-------- Data section
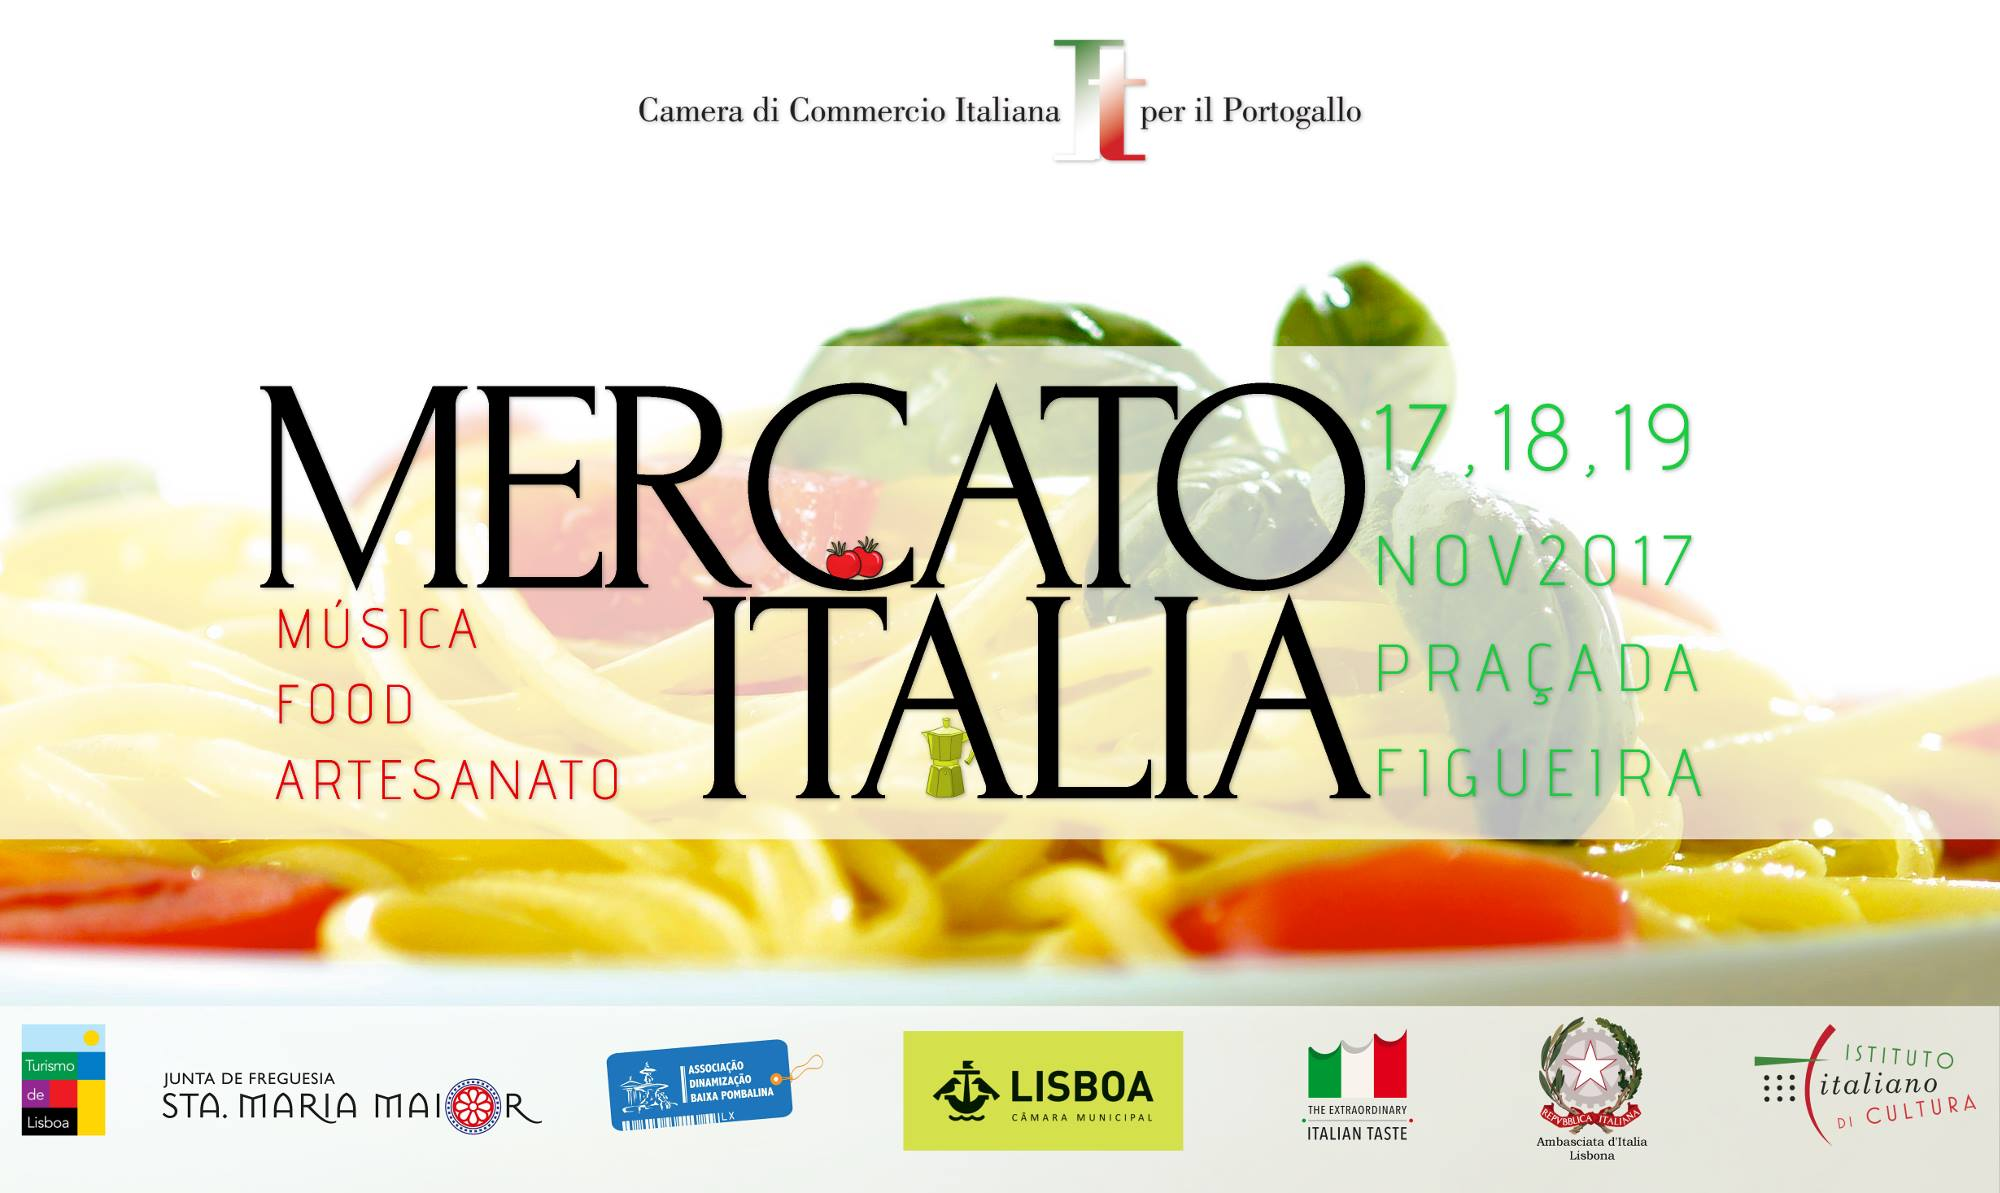 Mercato Italia 2017
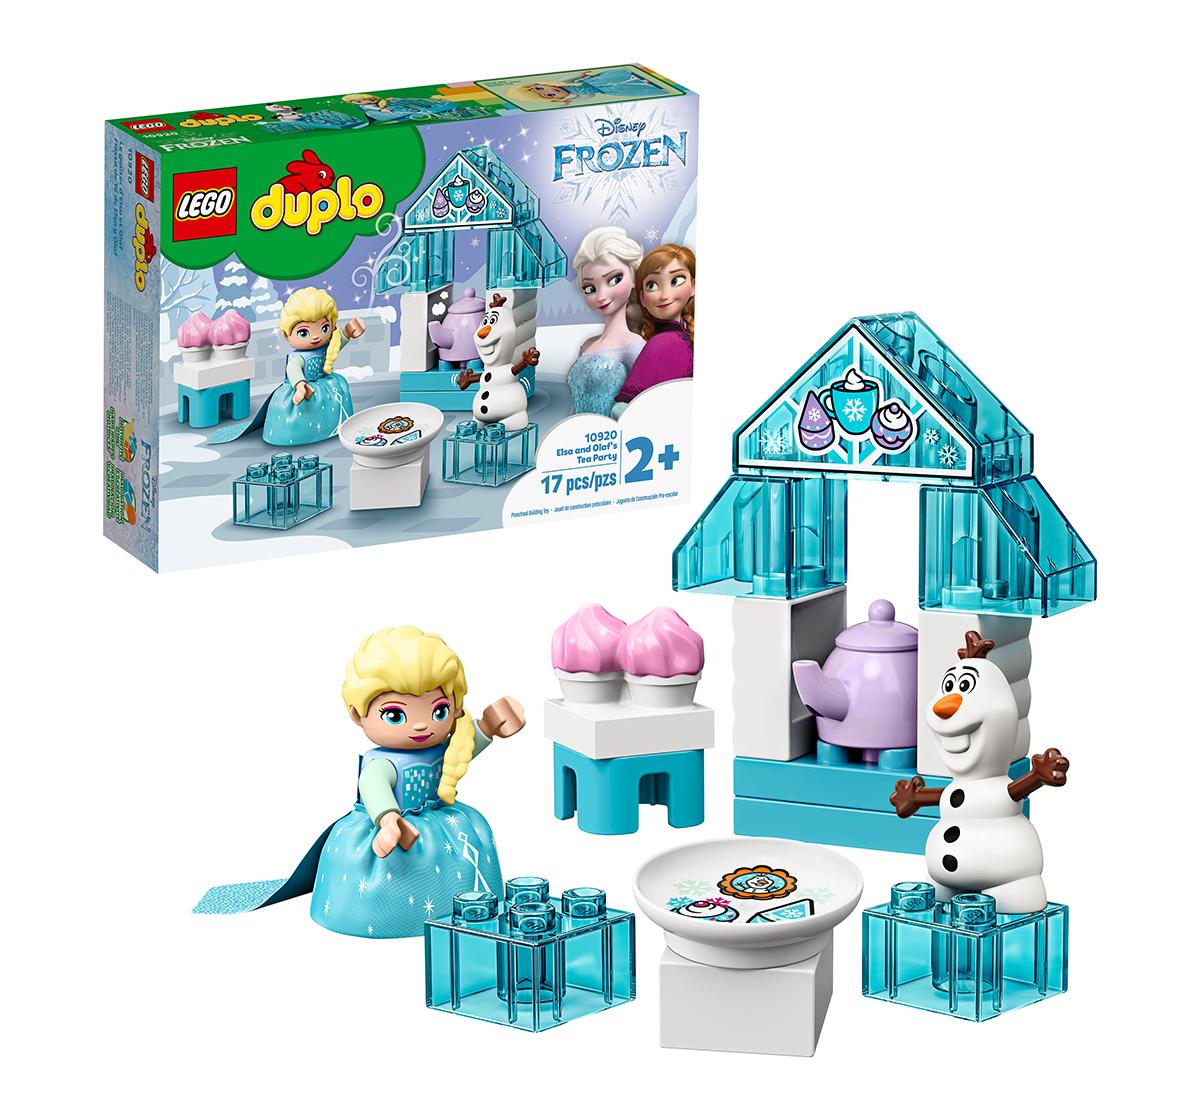 LEGO | LEGO 10920 Elsa and Olaf's Tea Party Lego Blocks for Kids age 2Y+
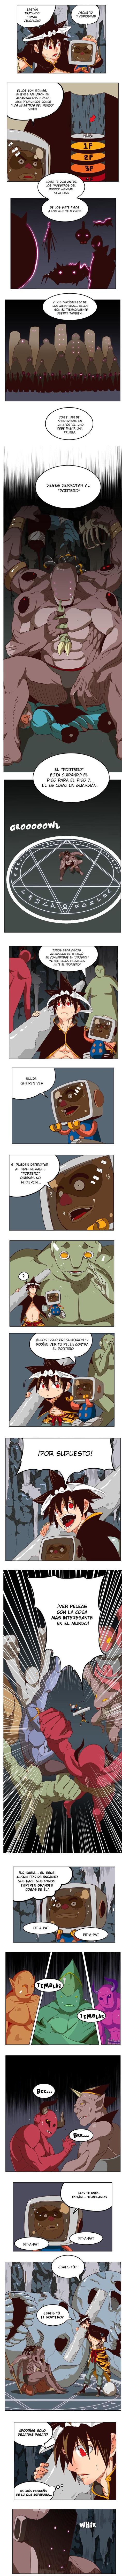 http://c5.ninemanga.com/es_manga/37/485/439574/a6b032cc13e531b6fc9824b18154da41.jpg Page 4
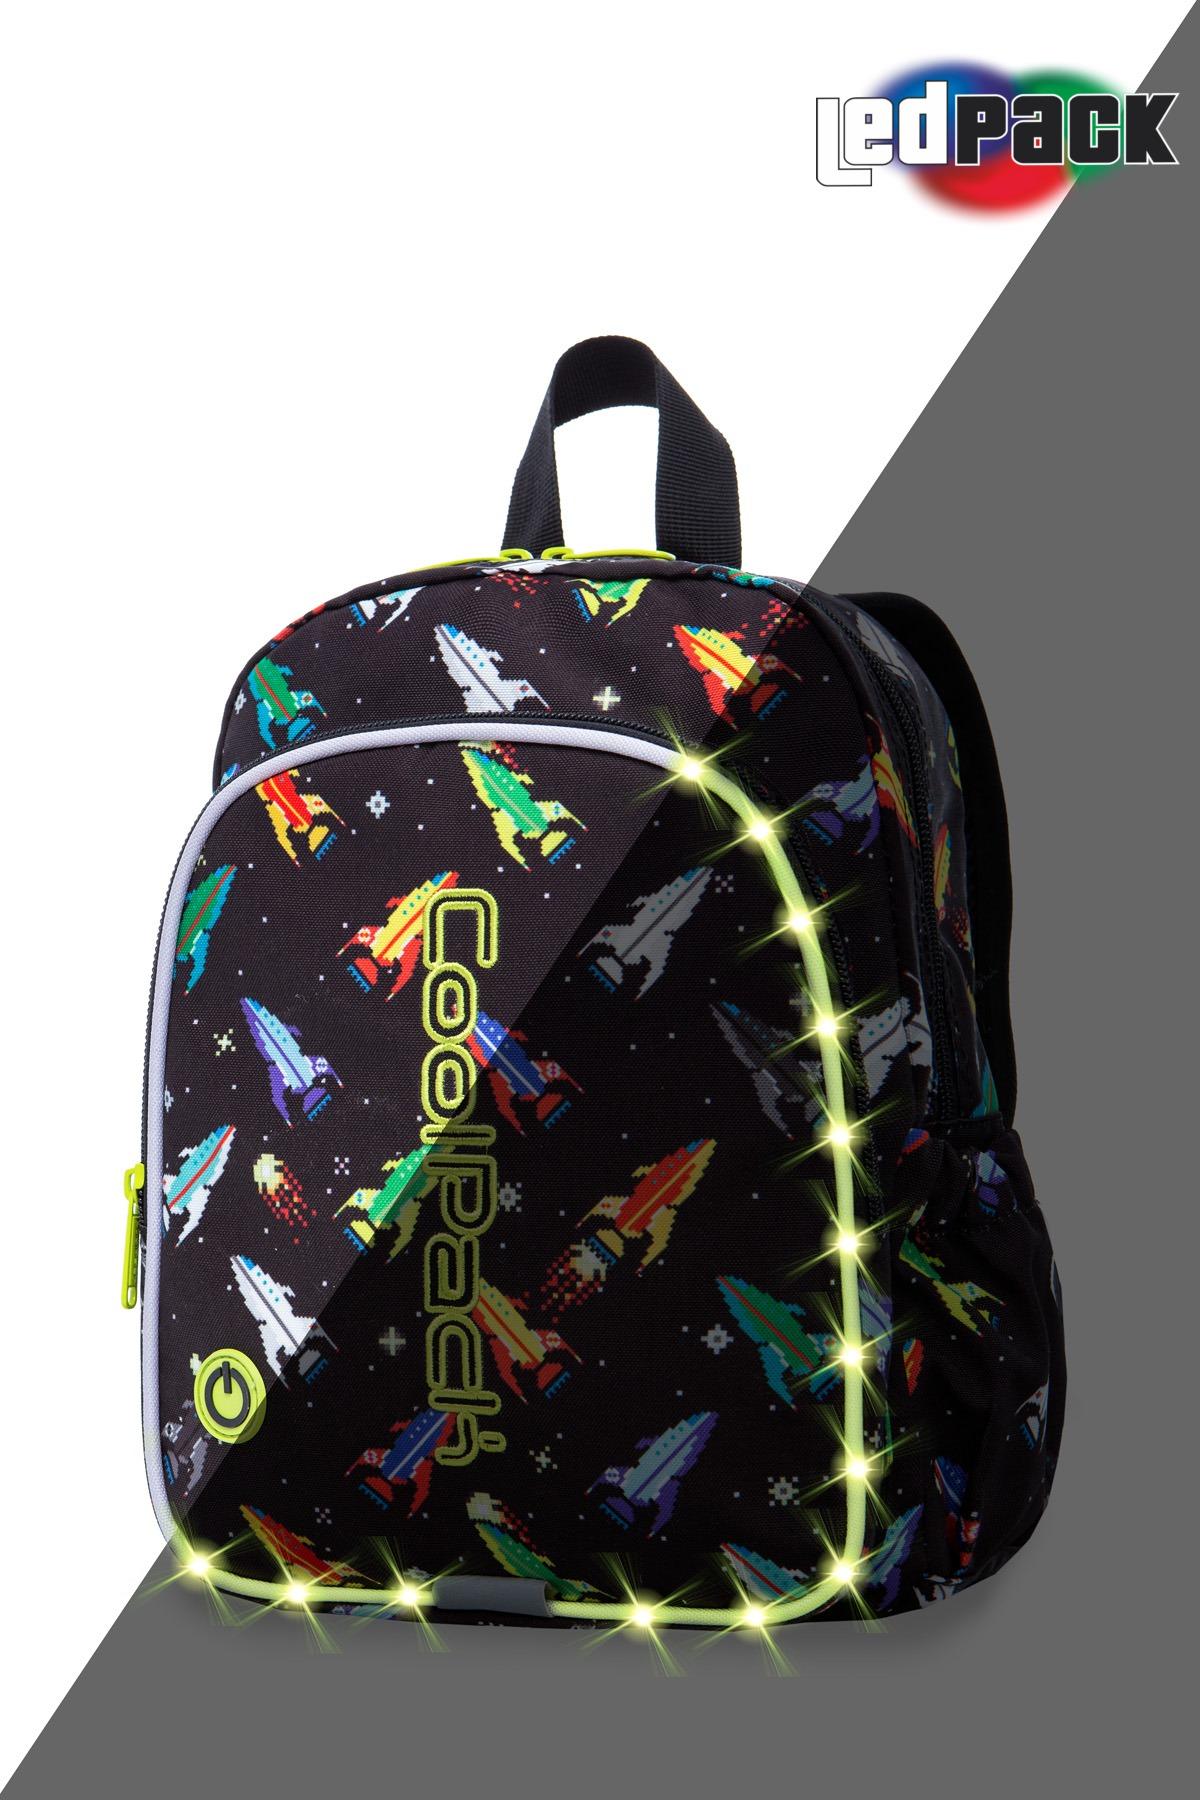 Coolpack - bobby - kids backpack - led rockets
----------------
**Instructions for the task:**
Without including any picture, write out the material above verbatim.

**Written answer:**
 Mercato Italia 2017
 LEGO | LEGO 10920 Elsa and Olaf's Tea Party Lego Blocks for Kids age 2Y+
 http://c5.ninemanga.com/es_manga/37/485/439574/a6b032cc13e531b6fc9824b18154da41.jpg Page 4
 Coolpack - bobby - kids backpack - led rockets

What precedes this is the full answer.